Exact copies of the lines below are the goal; any images in them are dropped.

[[ Information provided, beginning ]]

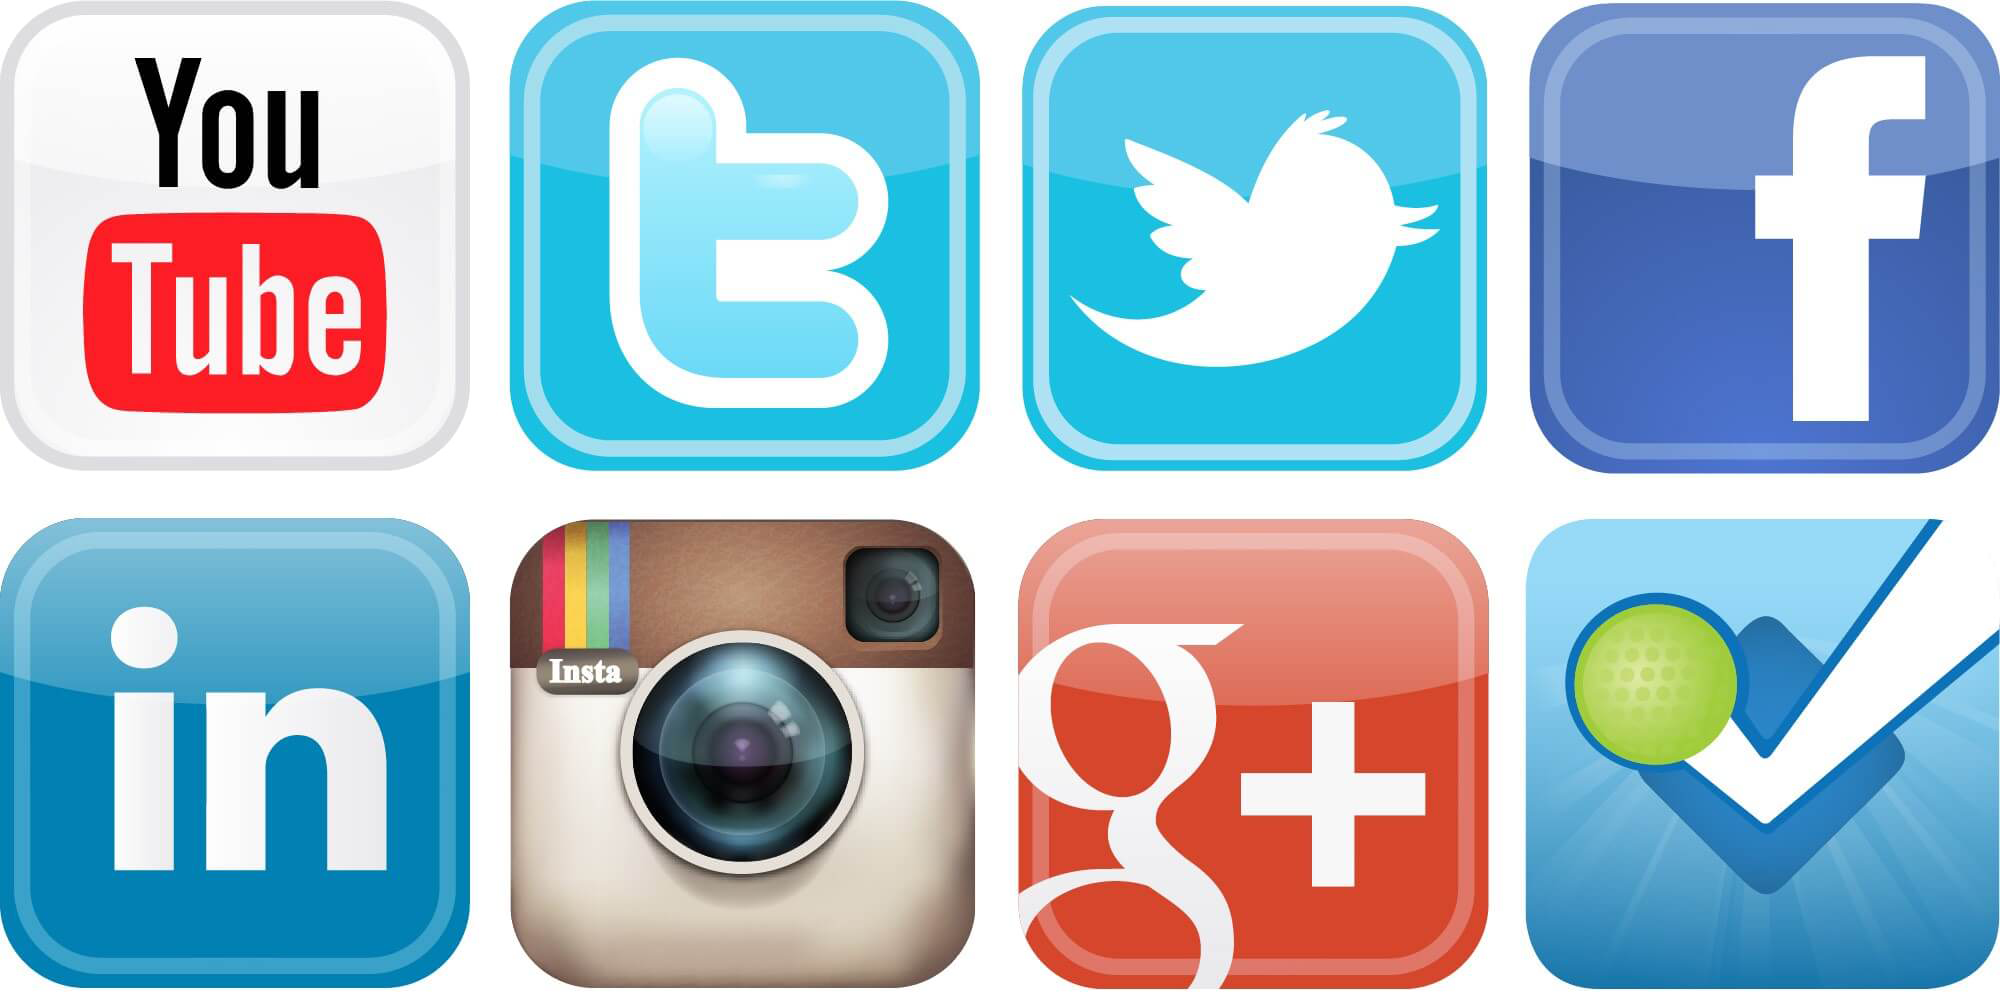 Логотипы соц сетей. Значки соцсетей. Иконки соц сетей. Соцсети эмблемы. Значки социальных сетей на прозрачном фоне.
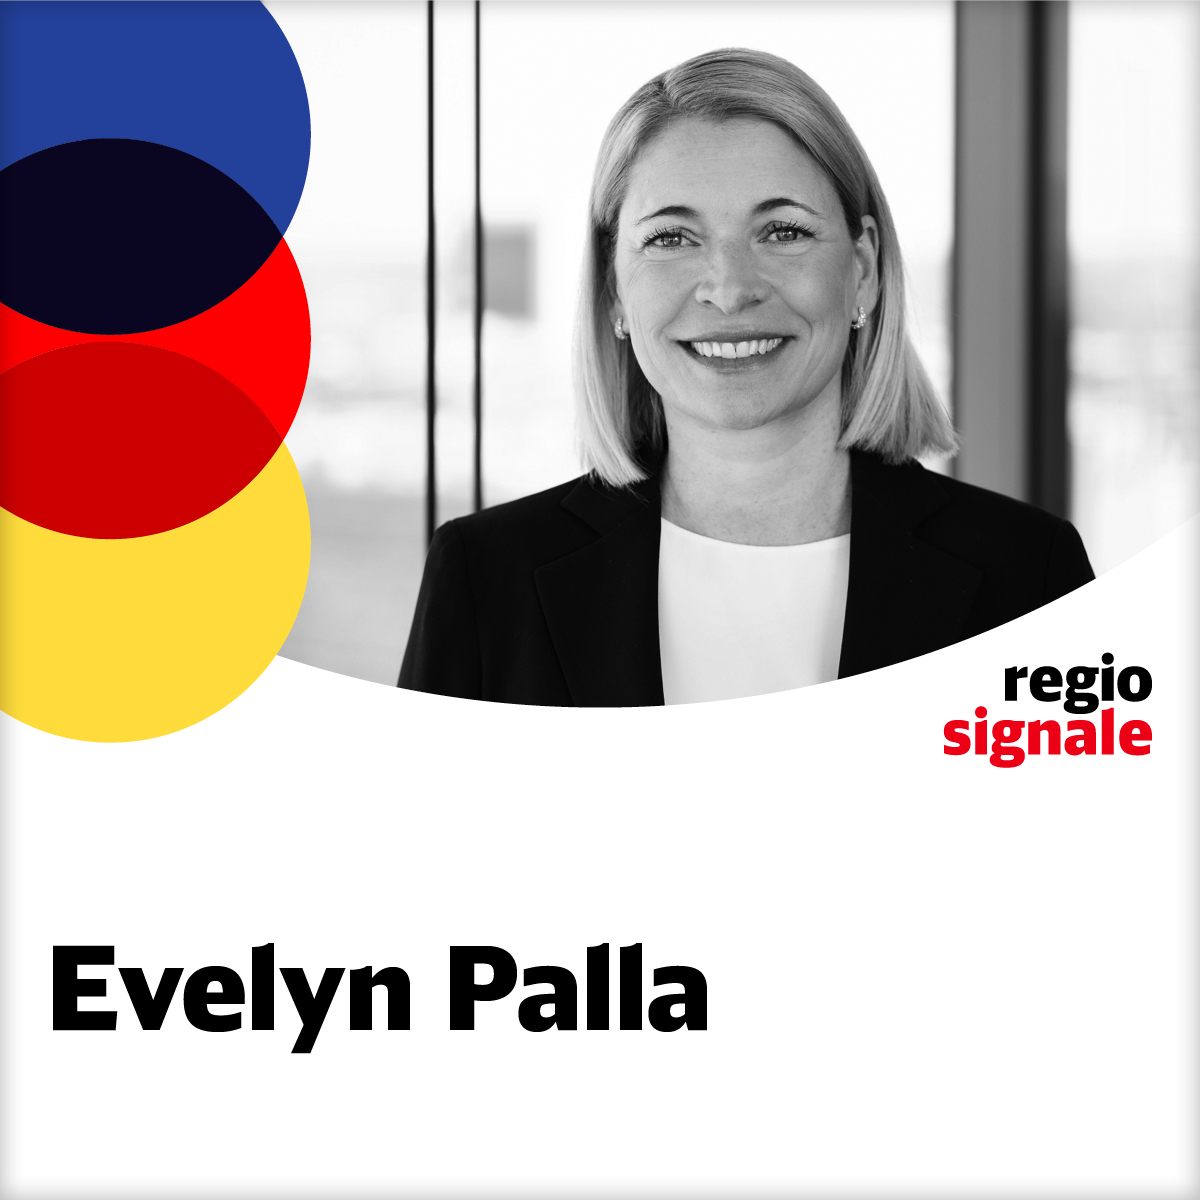 Evelyn Palla
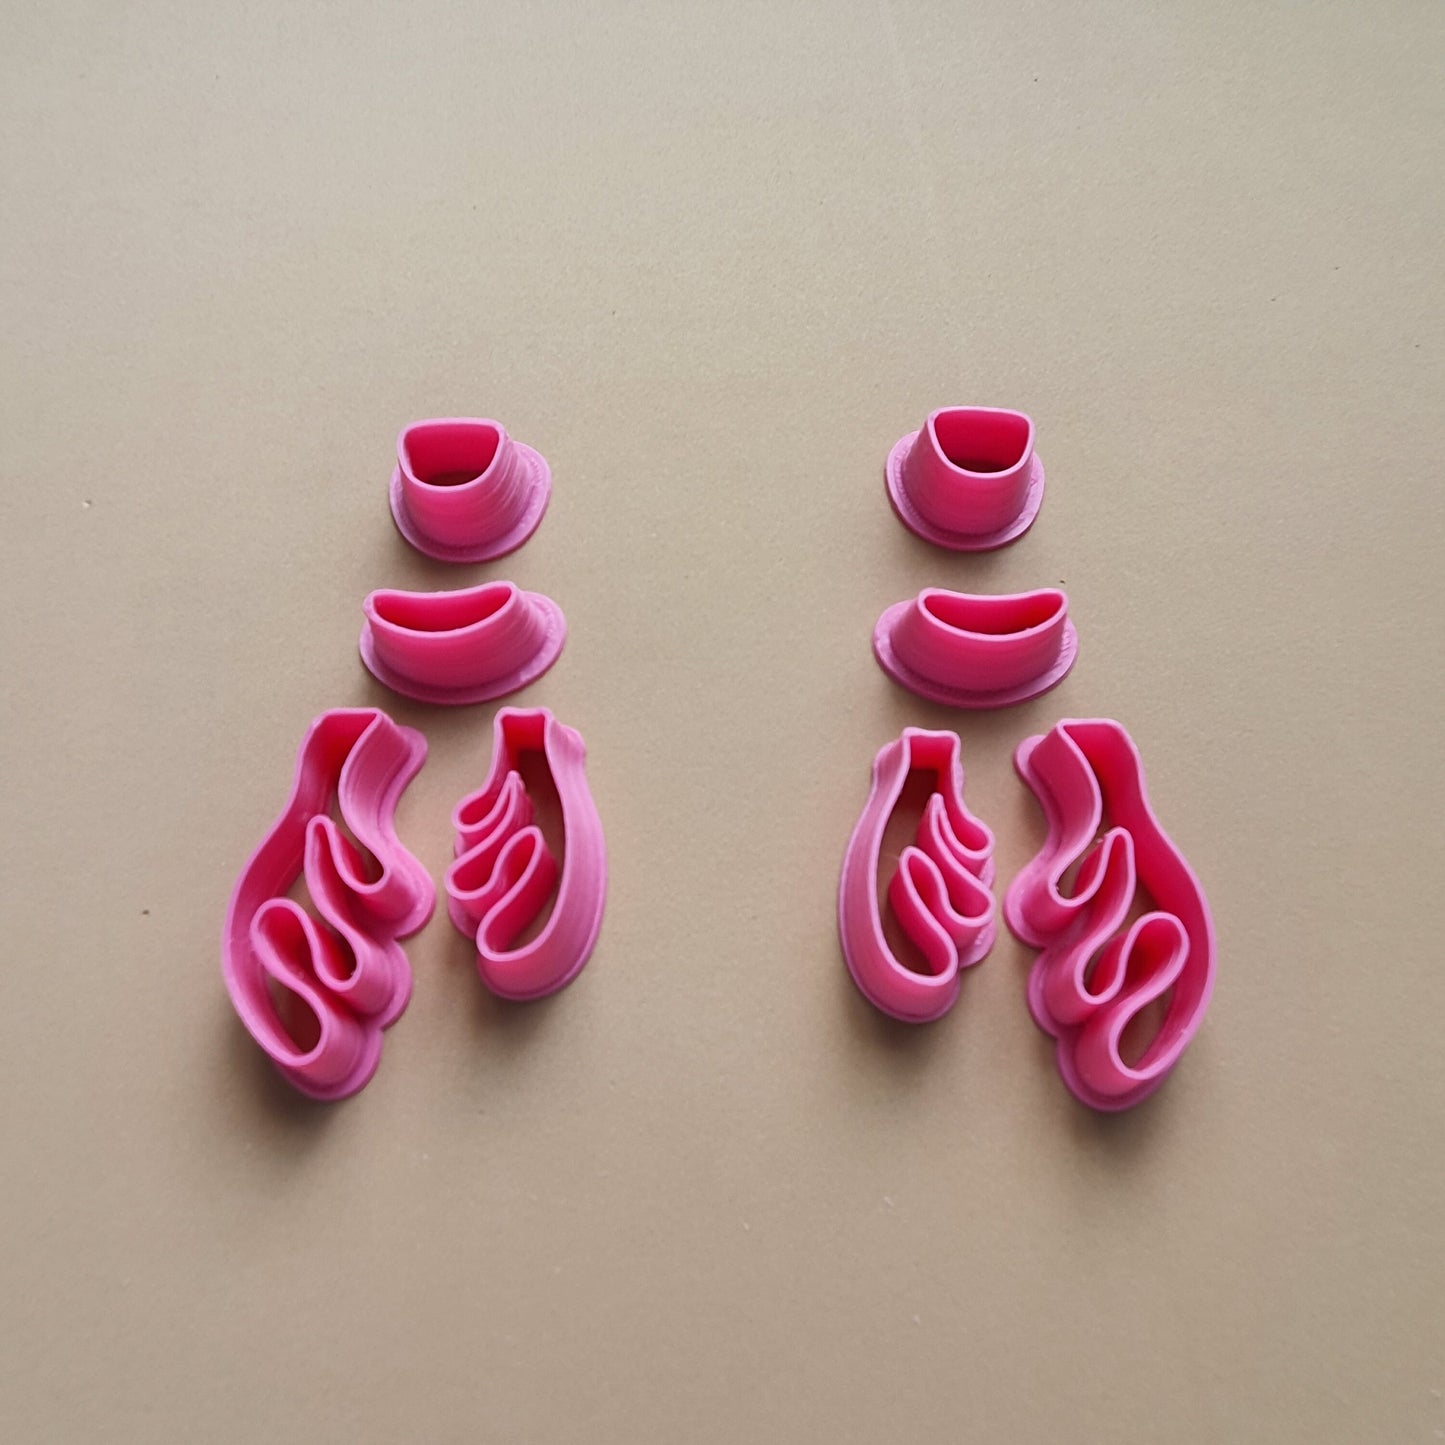 Earrings "Reindeer" Polymer clay 3D cutters set for pair earrings

[[ Information provided, end ]]

Solution below >>
 Логотипы соц сетей. Значки соцсетей. Иконки соц сетей. Соцсети эмблемы. Значки социальных сетей на прозрачном фоне.
 Evelyn Palla
 Earrings "Reindeer" Polymer clay 3D cutters set for pair earrings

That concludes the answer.